The title of this book, The Story of The Royal
Scots, indicates its scope and purpose. It does not pretend to take the
place of the Regimental Records of The Royal Scots, a portly volume of which
a limited edition has been prepared by a Committee of the Regiment for issue
to subscribers only. If any reader would know such details as the names of
officers written in the Blenheim Bounty Roll, or by how many men the
regiment was augmented in 1734, or the state of the colours and
accoutrements in 1830, he must betake himself to the Records. I have passed
such matters by. Important as they may be to the student of regimental
development, they have little human significance. A regiment such as The
Royal Scots is a continuing entity, made up indeed of so many officers and
men, but presenting itself to the world as a fighting unit which has dyed
its name on the Roll of History in pursuit of its proper business of war.
It is therefore as a fighting regiment that it appears in the
following pages, crowned with the glories of long and arduous services given
wherever the country needed them. No one will forget that it is during times
of peace that the army fits itself for its great function, but they are
times of preparation rather than of achievement. It is, however, on the
field of battle that the strong spirit of the fighting Scot has moved the
First or Royal Regiment of Foot to achieve so much for its own undying
honour and for the safety of the Kingdom and Empire.

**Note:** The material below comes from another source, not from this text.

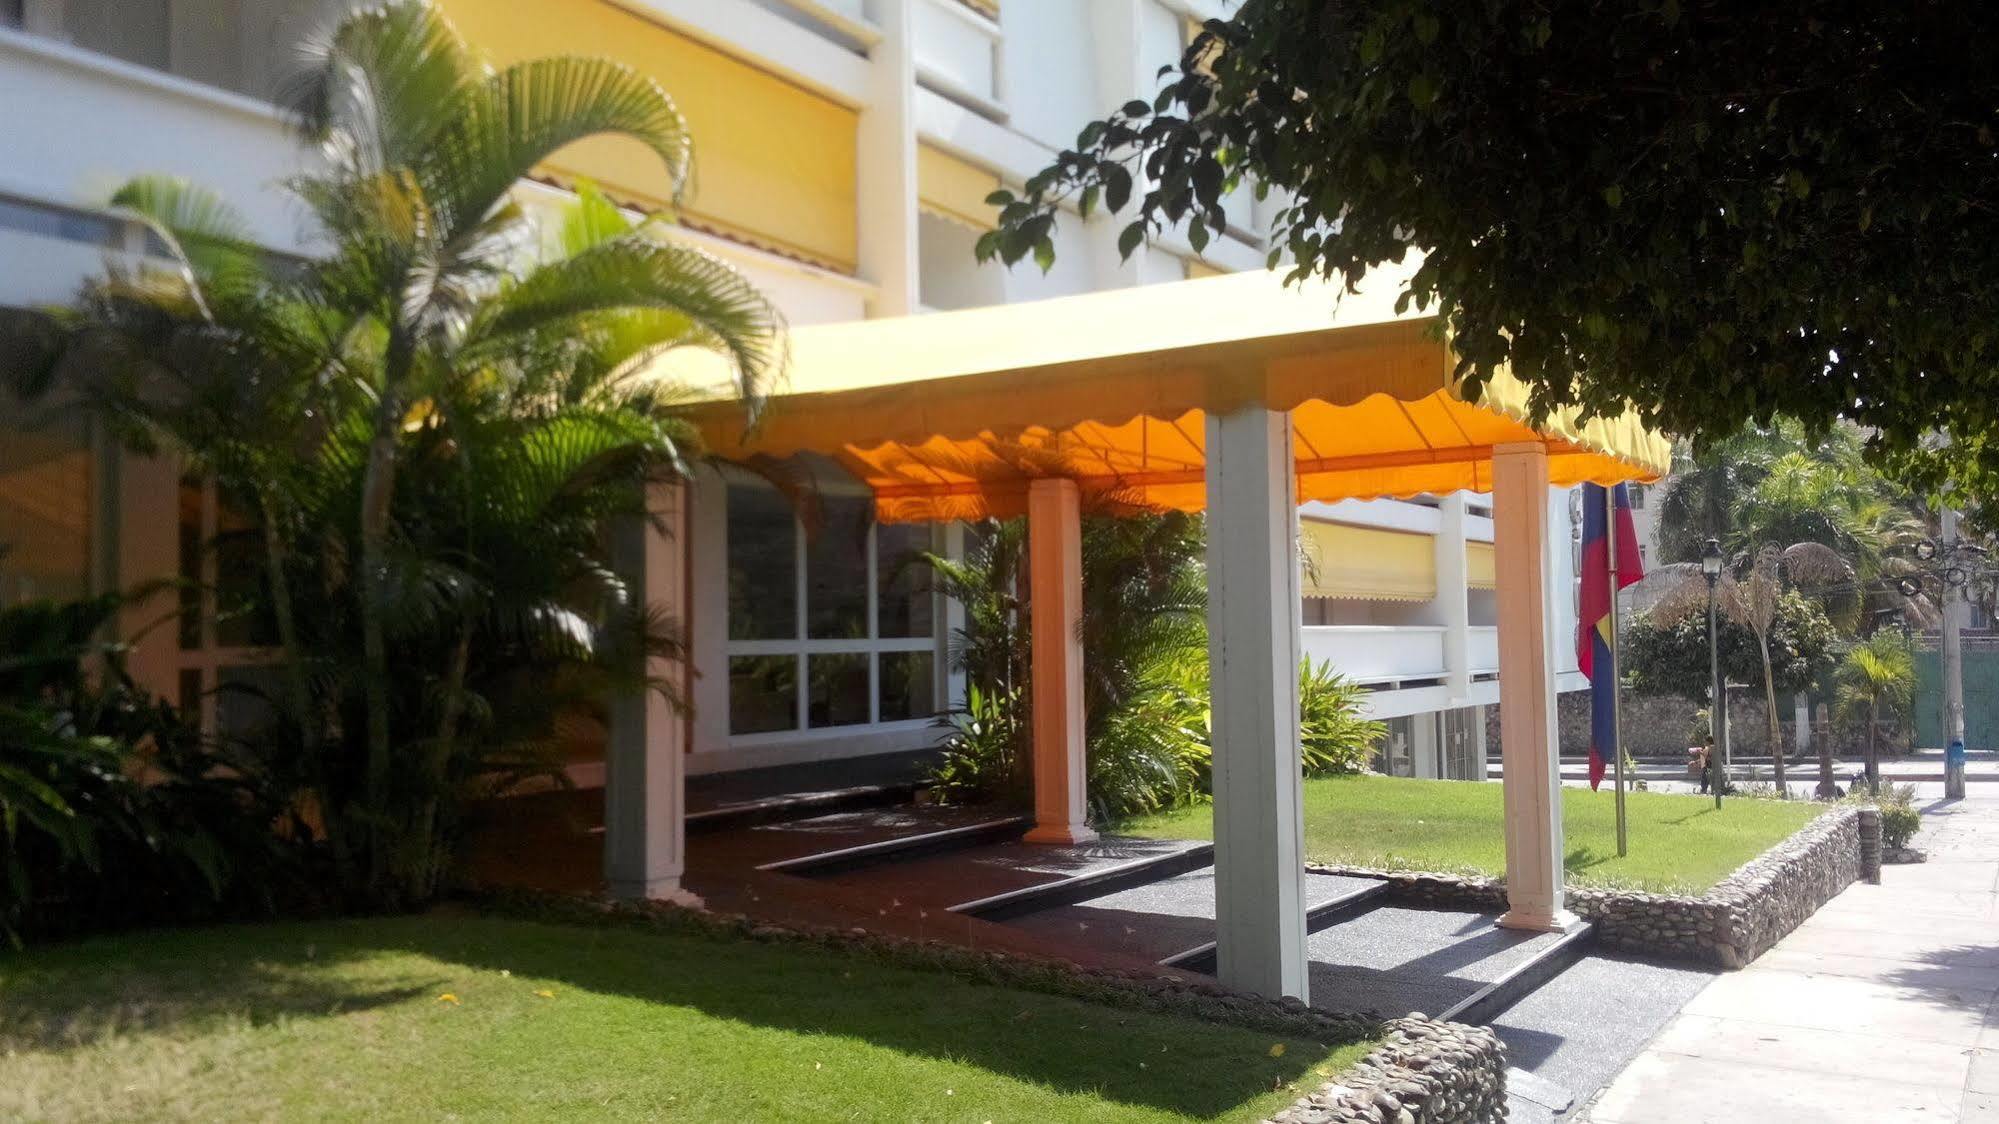 Vallclaire Suites Barranquilla  Exterior photo

The writer of a recent military book has referred to The
Black Watch as “Scotland’s oldest and best beloved regiment." This is
characteristic of the prevailing ignorance. which regards no regiment as
Scottish unless it wears the kilt. Splendid as are the records of the Black
Watch, the oldest of the Highland regiments, it was not in being as a unit
of the British army until nearly eighty years after Charles II bestowed the
title of Royal on his First Regiment of Foot, or until more than a century
after The Royal Scots were constituted a British regiment by warrant of
Charles I.
With the single exception of another Lowland regiment, the
Royal Scots Fusiliers (Twenty-first) raised in 1678, The Royal Scots was the
only regiment of North Britons to fight in the British1 service during the
wars of William III and the Marlborough campaigns.
So it happens that the story of The Royal Scots covers a
wider field of British military history than that of any other regiment, the
Guards not excepted. I must here make warm acknowledgment to the Regimental
Committee, which has not only placed at my disposal the literary matter of
the Records, which include much new material, but also permits me to
reproduce many illustrations from rare prints, drawings by Mr. J. C. Leask,
etc. To Captain McCance I owe an especial debt for much help and counsel,
for reading my proofs and making many helpful suggestions.

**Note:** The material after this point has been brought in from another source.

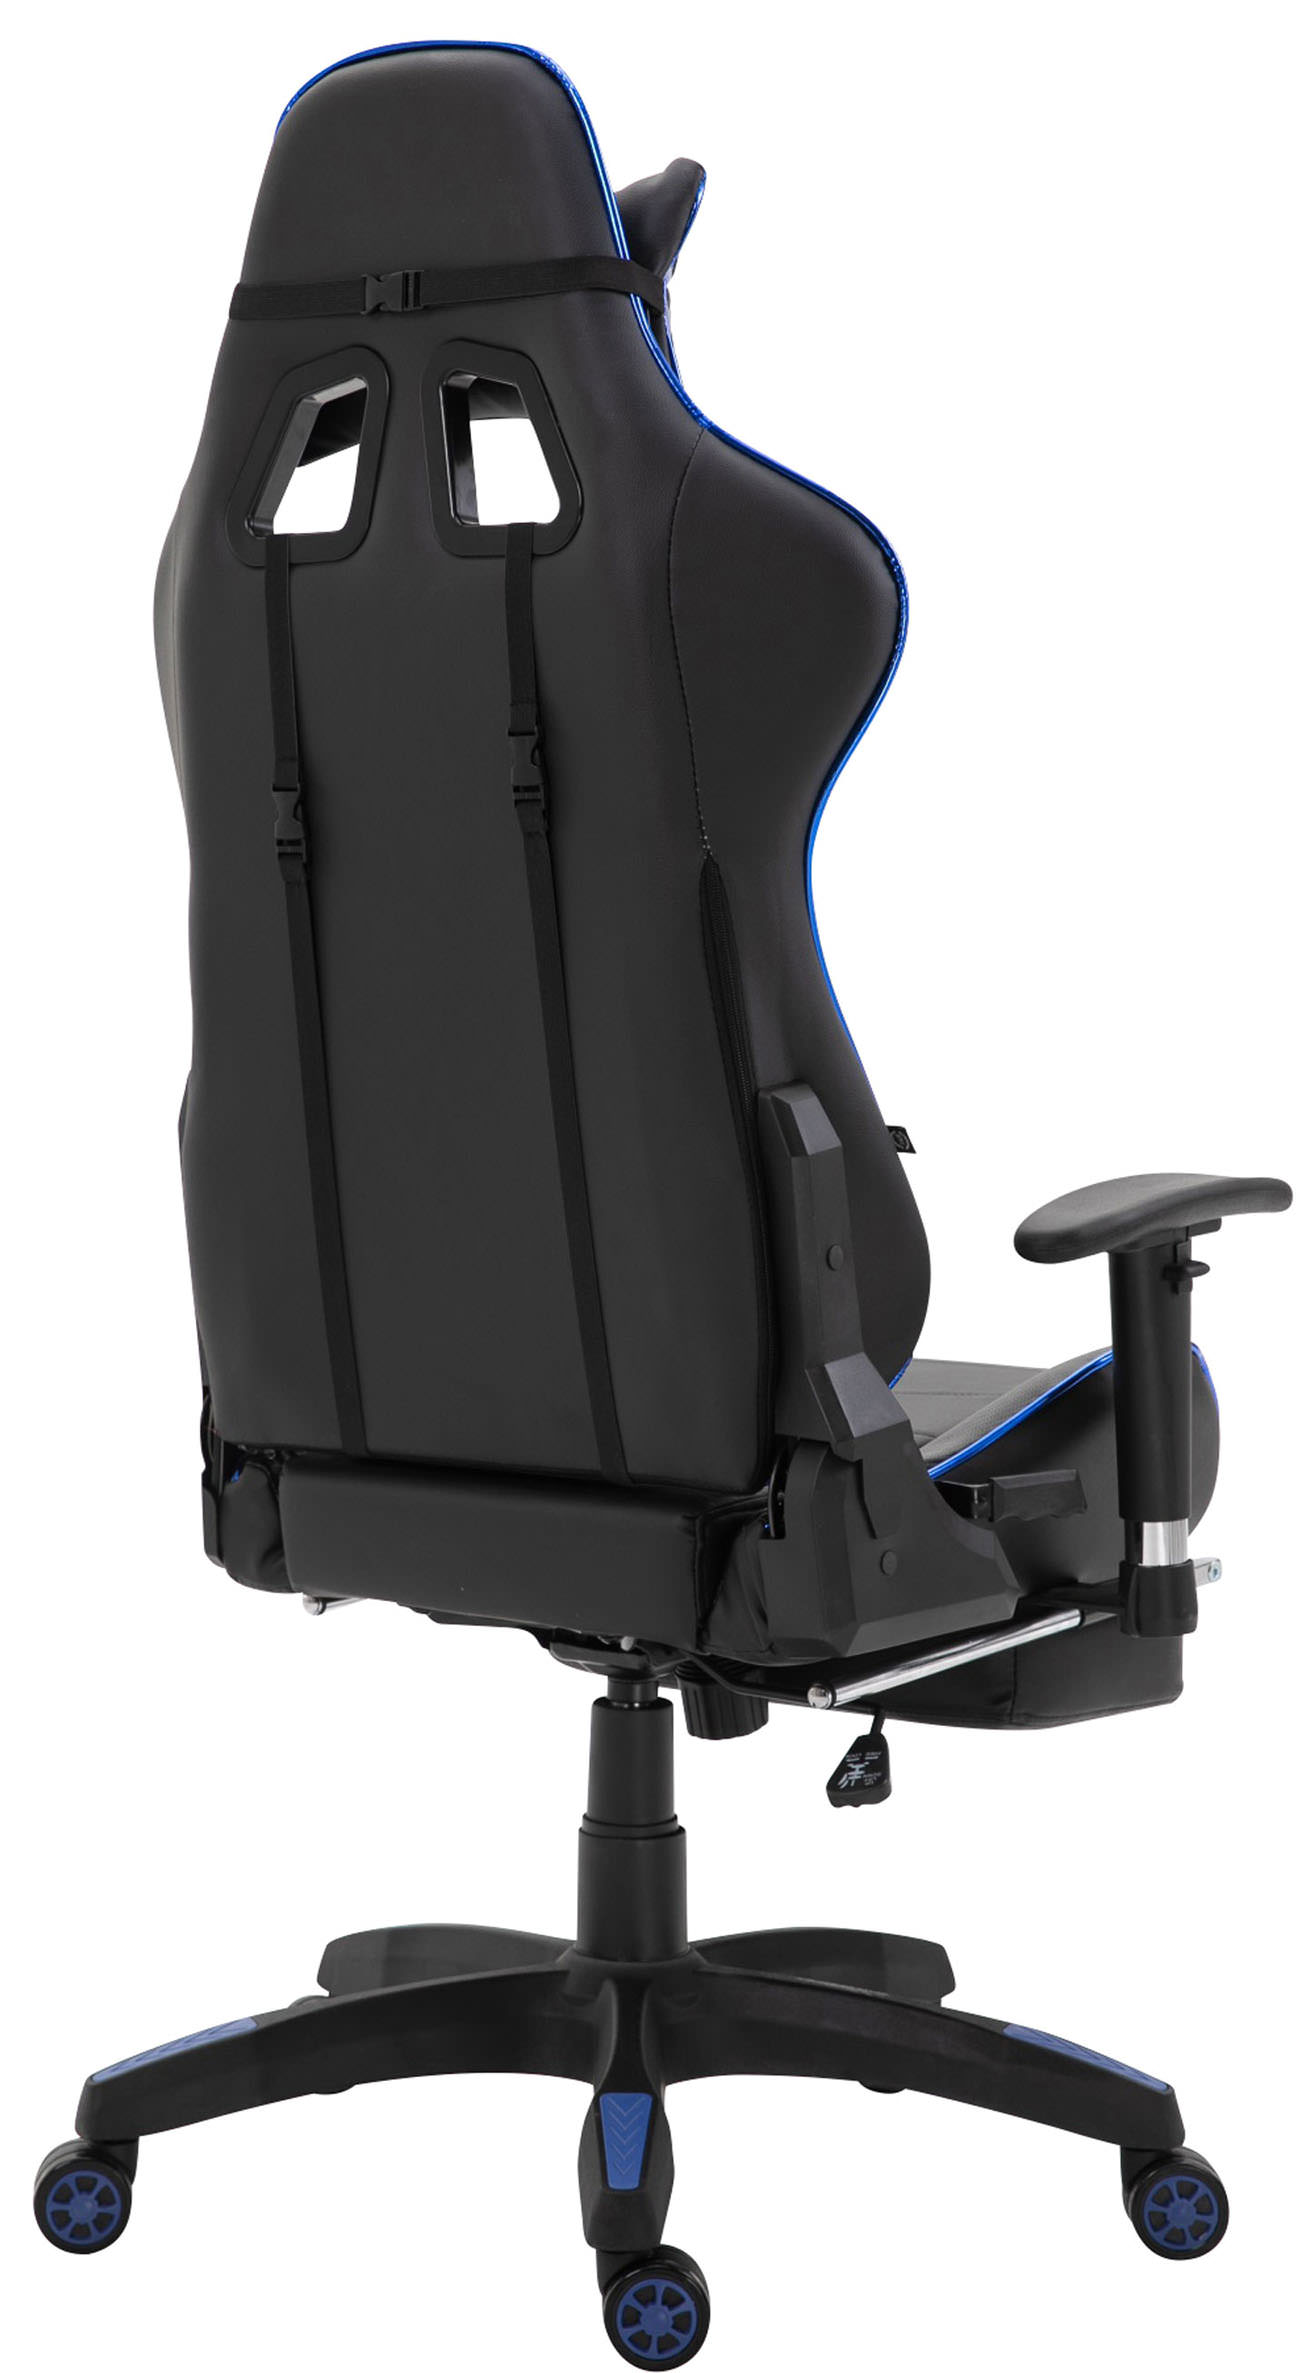 Fußablage mit CLP Chair, Turbo blau Gaming Racing Bürostuhl schwarz/glanz

Without the assistance which many officers at the Front and
at home have given in preparing the chapters on the present war I could not
have attempted writing them, and I owe thanks to so many that I may be
pardoned omitting the long list of their names. I shall be grateful for
further information, so that when we are once more at peace I may attempt a
complete narrative.
Mr. Campbell Smith, who has worked so strenuously on behalf
of all Lowland causes and for The Royal Scots in particular, has also put me
in his lasting debt.
It may be asked why a civilian and a Southerner should
venture to write the story of the oldest Scots regiment. The reasons are, in
the main, two. The book is in some sort a memorial to my gallant kinsman,
Captain Charles Lempriere Price, D.S.O., who distinguished himself so
notably in the South African War and fell fighting in September 1914 at the
Battle of the Aisne. It is also a result of my long delight in reading
Scottish history, and of much writing about the delightful fabric presented
by the building of that history into the walls of Scottish castles.

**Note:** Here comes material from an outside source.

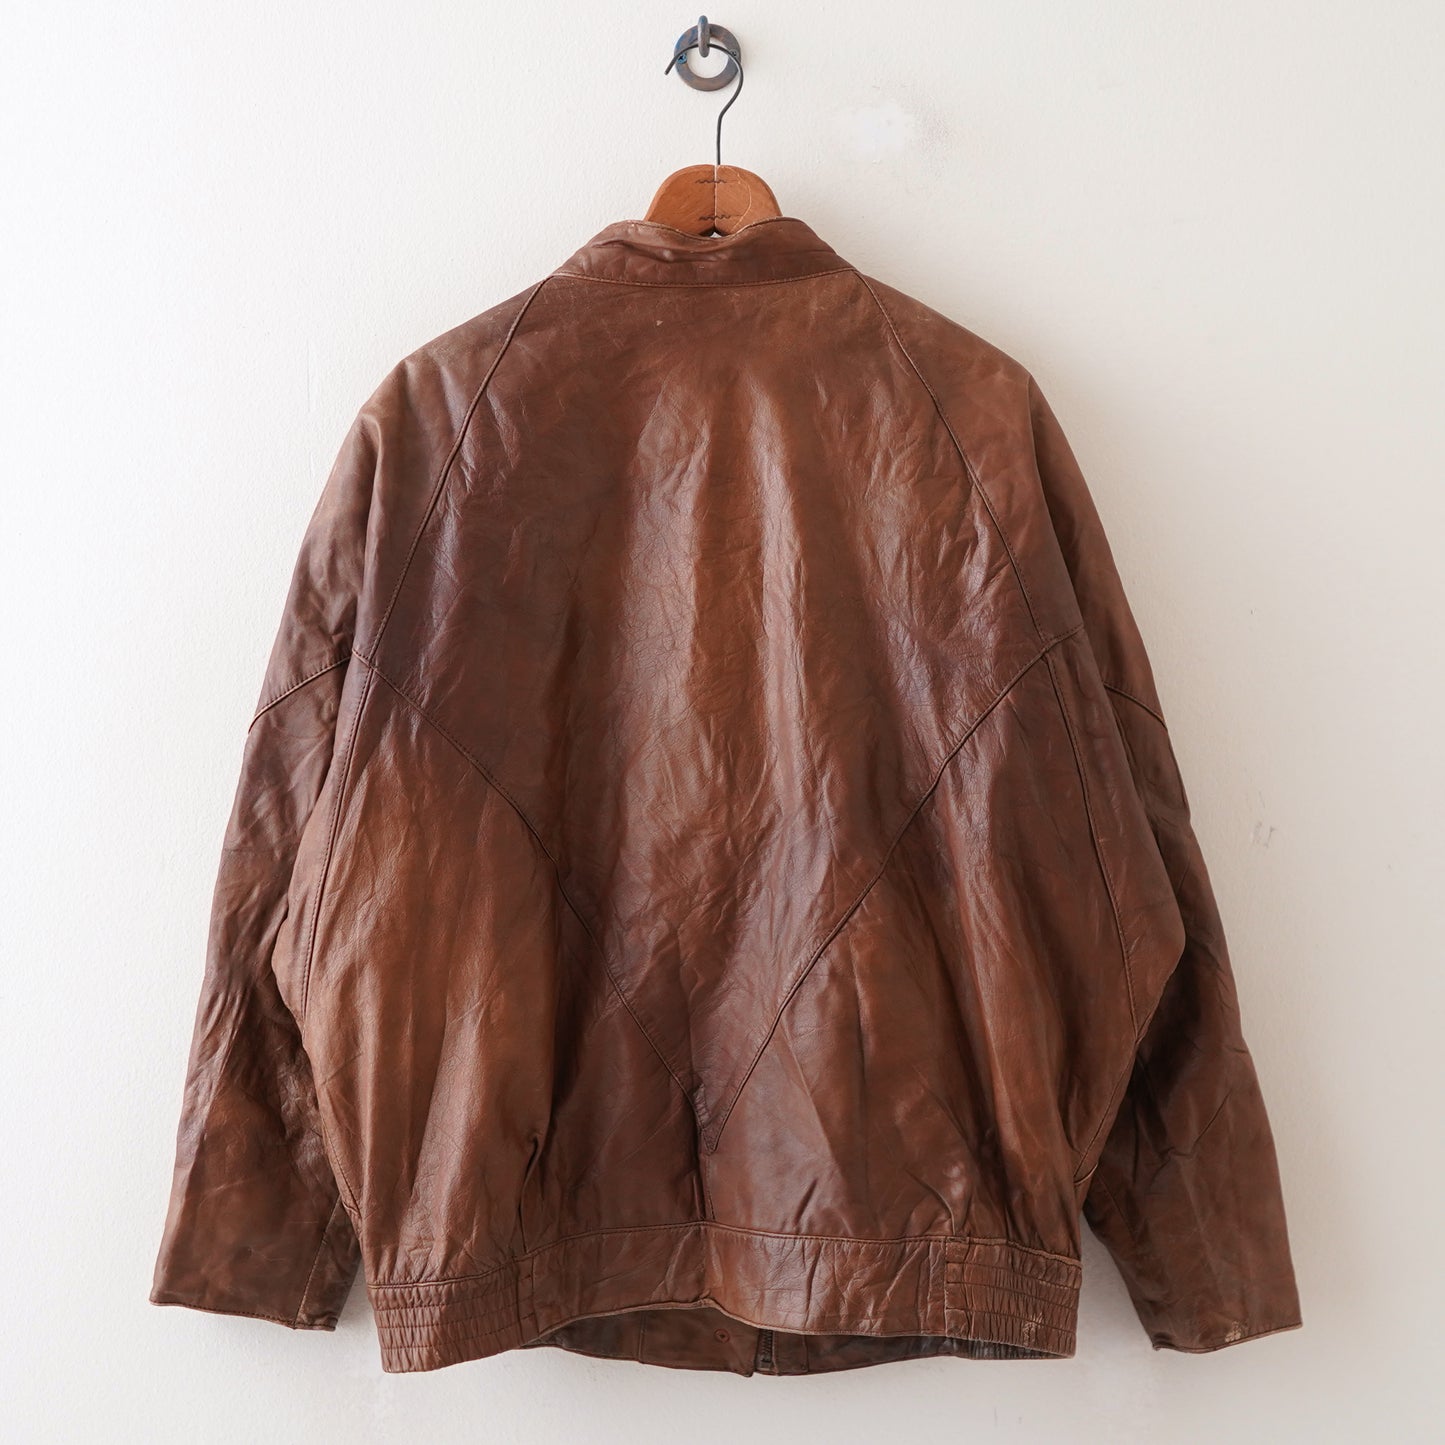 JANBELL leather jacket

I make no claim to be a military expert, and have followed
the path of pleasure and safety in relying on the Hon. John Fortescue’s
monumental History of the British Army, Professor Oman’s History of the
Peninsular War, and other standard authorities. Regimental histories in
plenty have been written since Richard Cannon brought out his long row of
volumes in the eighteen-forties. Most of them are over-charged with details
of no interest to any but the military expert, and few of them endeavour to
connect the life of the regiments with the political history of the country.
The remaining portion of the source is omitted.